Testing - Text Encodings

Encodings

The following table shows how different ranges of Unicode characters are encoded to bytes using seven different types of encoding. Byte Order Marks (BOMs) were not emitted for simplicity. Some notes and observations:

ASCII encoding can only handle characters in the range U+0000 to U+007F. It simply replaces out-of-range bytes with a question mark (U+003F) and information is lost.
UTF-7 produces incomprehensible bytes for characters outside the ASCII range, but weirdly enough, the bytes can be decoded back to the original characters without any information loss.
The last column of UTF-16 encodings show the surrogate pairs used to encode characters outside the Basic Multilingual Plane (BMP).
The most perfect of the encodings is arguably UTF-32 BE, because every posible characters is clearly represented as a single 32‑bit integer with the bytes in big-endian order (making them easier to read).
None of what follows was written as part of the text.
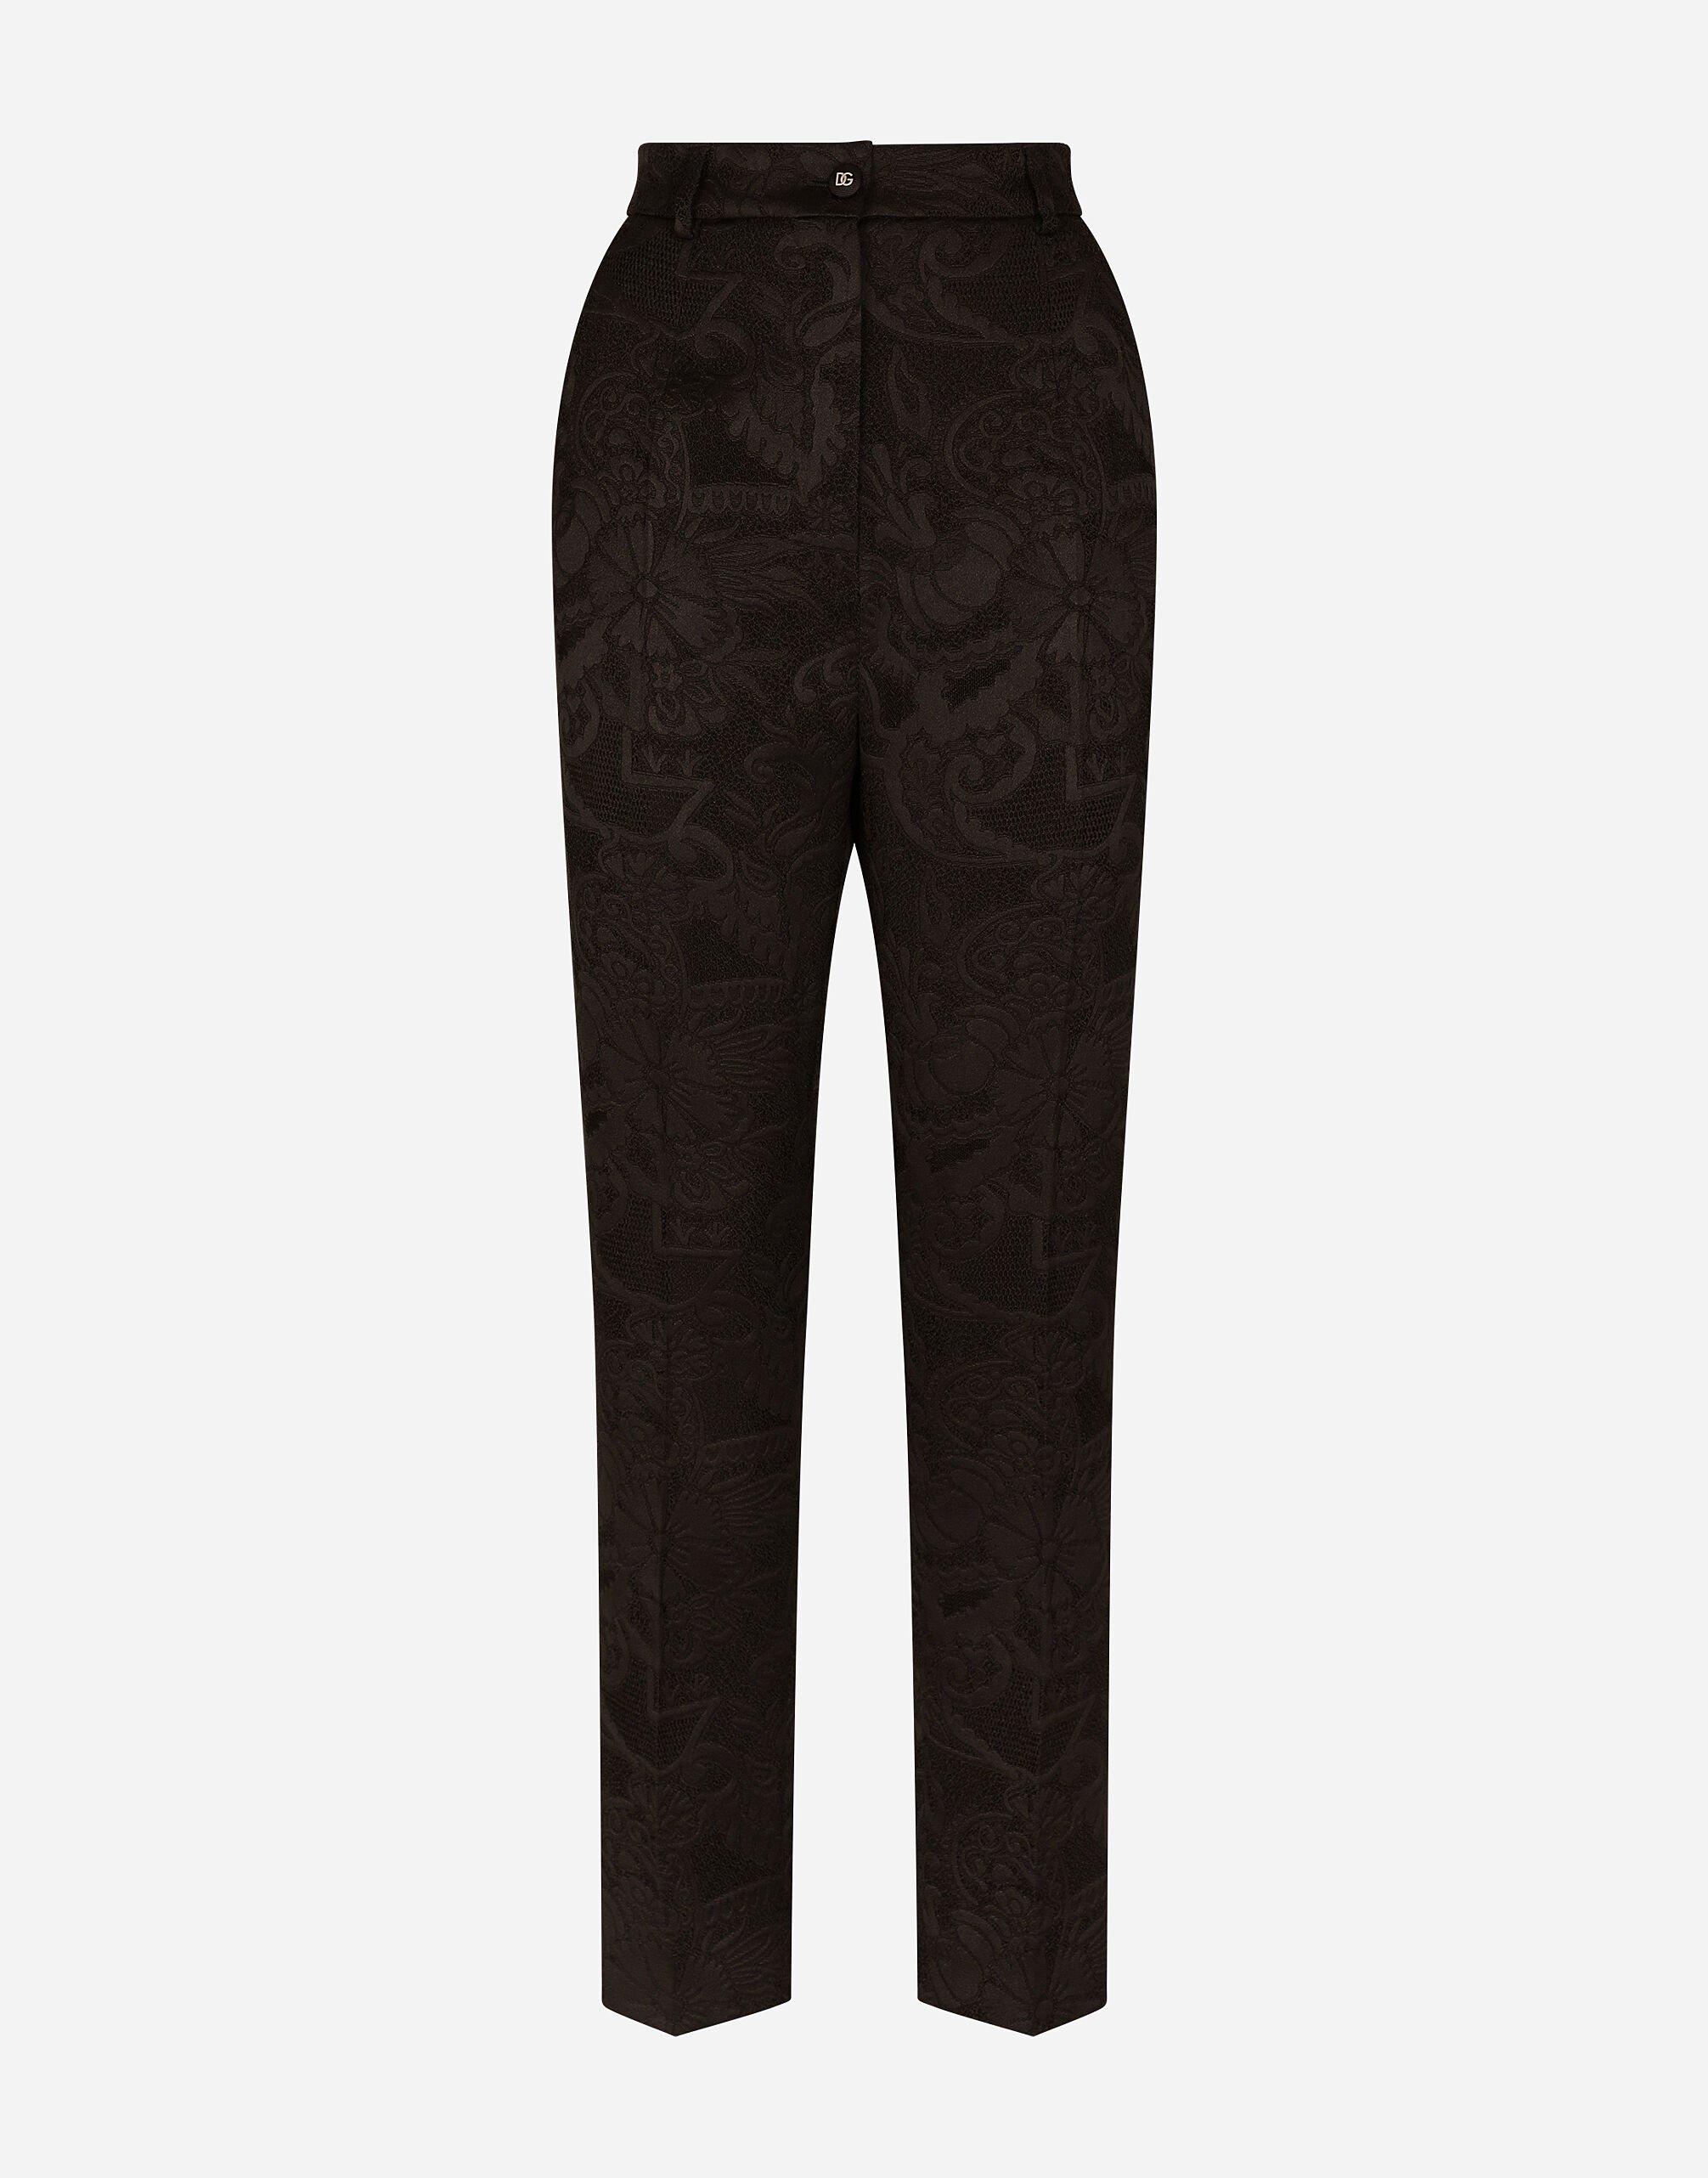 Dolce & Gabbana Floral jacquard pants Black FTCWXTFUBFZ

UTF-32 encoding is rarely used in practice because it takes the most space, but it could be useful for exchanging characters between different exotic computer systems or alien lifeforms.

	ABC	èéê	אבג	ｨｩｪ	😀😁😂
ASCII	41 42 43	3f3f3f (???)	3f3f3f (???)	3f3f3f (???)	3f3f3f3f3f3f (??????)
UTF-7	41 42 43	2b41 4f67 4136 5144 712d	2b42 6441 4630 5158 532d	2b2f 326a 2f61 6639 712d	2b32 4433 6541 4e67 3933 6748 5950 6434 432d
UTF-8	41 42 43	c3a8 c3a9 c3aa	d790 d791 d792	efbda8 efbda9 efbdaa	f09f9880 f09f9881 f09f9882
UTF-16 LE	4100 4200 4300	e800 e900 ea00	d005 d105 d205	68ff 69ff 6aff	3dd8:00de 3dd8:01de 3dd8:02de
UTF-16 BE	0041 0042 0043	00e8 00e9 00ea	05d0 05d1 05d2	ff68 ff69 ff6a	d83d:de00 d83d:de01 d83d:de02
UTF-32 LE	41000000 42000000 43000000	e8000000 e9000000 ea000000	d0050000 d1050000 d2050000	68ff0000 69ff0000 6aff0000	00f60100 01f60100 02f60100
UTF-32 BE	00000041 00000042 00000043	000000e8 000000e9 000000ea	000005d0 000005d1 000005d2	0000ff68 0000ff69 0000ff6a	0001f600 0001f601 0001f602

Control Characters

Characters with code points U+0000 to U+001F are known as the C0 control code set. Those points have no character glyphs associated with them, but if you want represent them in documentation then you can use their corresponding Unicode glyphs shown in the table below. The glyph column will only display correctly if the font your browser is using includes those characters.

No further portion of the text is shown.